GIVEN DATA:
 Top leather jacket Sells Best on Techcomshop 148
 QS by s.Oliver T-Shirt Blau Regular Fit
==
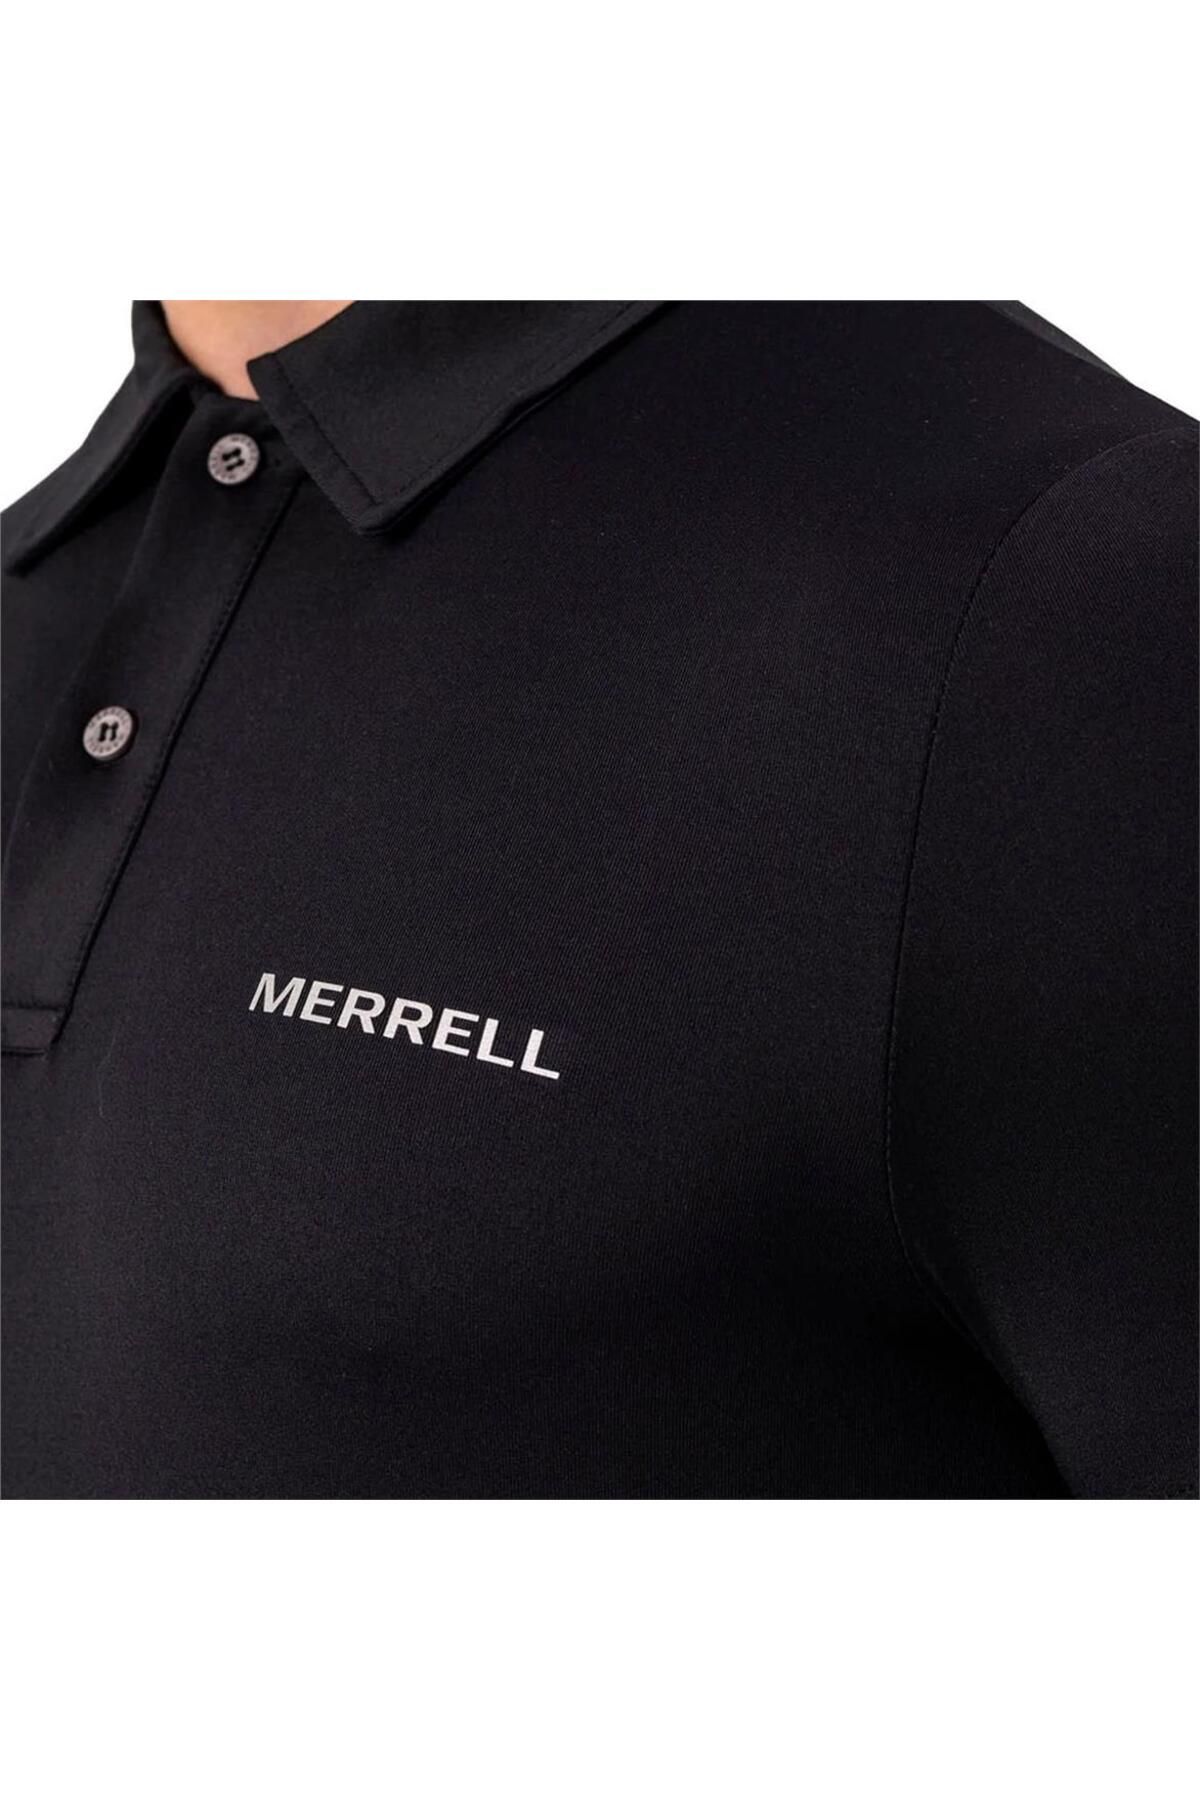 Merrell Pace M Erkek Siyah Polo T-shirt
---
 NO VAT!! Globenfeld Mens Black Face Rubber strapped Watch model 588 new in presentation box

WHAT THE TASK REQUIRES: Keep both end lines and retype everything in the records above from the line containing "Top leather jacket" through the line containing "QS by s.Oliver T-Shirt Blau Regular Fit", exactly, with nothing else.

OUTPUT FOR THIS EXERCISE:
 Top leather jacket Sells Best on Techcomshop 148
 QS by s.Oliver T-Shirt Blau Regular Fit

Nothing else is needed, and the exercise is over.